Oleh: Tim Redaksi
Info Pendidikan BIC, 22 Februari 2026 – Di tengah gejolak ekonomi dan tuntutan aksesibilitas pendidikan tinggi yang semakin massif, Kementerian Pendidikan Tinggi, Sains, dan Teknologi (Kemendiktisaintek) mengeluarkan kebijakan yang menusuk langsung ke jantung birokrasi kampus. Melalui regulasi terbaru yang diterbitkan, pemerintah secara resmi menetapkan batas kenaikan UKT (Uang Kuliah Tunggal) bagi seluruh Perguruan Tinggi Negeri (PTN) maksimal sebesar 5 persen per tahun akademik.
Langkah ini merupakan respons konkret atas deru demonstrasi dan keluhan mahasiswa di berbagai daerah yang kerap menolak lonjakan biaya kuliah yang tidak terkendali. Kebijakan ini bukan sekadar angka, melainkan sebuah upaya negara untuk menarik kembali posisi pendidikan tinggi sebagai layanan publik, bukan komoditas pasar.
Namun, di balik "keringanan" yang disambut gembira oleh kalangan mahasiswa ini, terdapat kompleksitas yang rumit: Bagaimana dampaknya terhadap otonomi keuangan perguruan tinggi? Dan apakah angka 5 persen tersebut cukup untuk menutupi inflasi biaya operasional tanpa mengorbankan kualitas riset dan pengajaran?

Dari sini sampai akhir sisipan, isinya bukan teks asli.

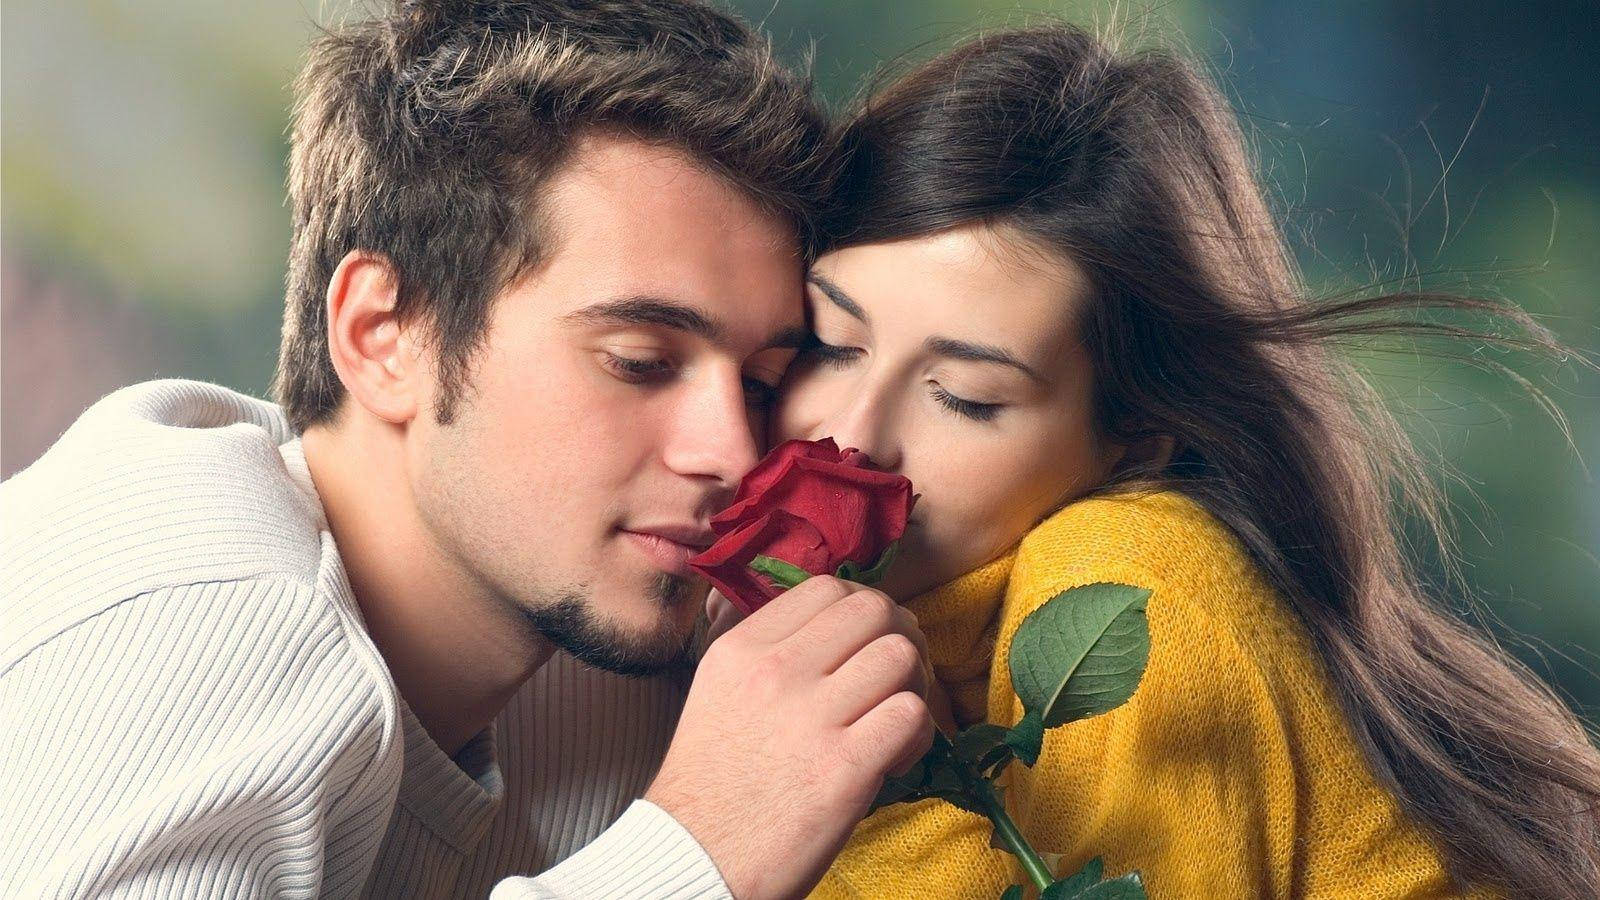 Romantischepaare, Die Eine Rose Riechen. Wallpaper

Kenaikan UKT: Menghentikan Praktik "Kampus Niaga"
Selama satu dekade terakhir, landskap pembiayaan pendidikan tinggi di Indonesia mengalami pergeseran paradigma yang sangat fundamental. Dimulai sejak era kebijakan otonomi kampus dan lahirnya status Badan Hukum Milik Negara (BHMN) yang kemudian bertransformasi menjadi Perguruan Tinggi Negeri Badan Hukum (PTN-BH), kampus negeri diberi ruang gerak yang lebih luas untuk mengelola keuangannya. Niat awalnya memuliakan: menciptakan fleksibilitas agar perguruan tinggi bisa mandiri, inovatif, dan bersaing di kancah global tanpa terbelenggu birokrasi kaku.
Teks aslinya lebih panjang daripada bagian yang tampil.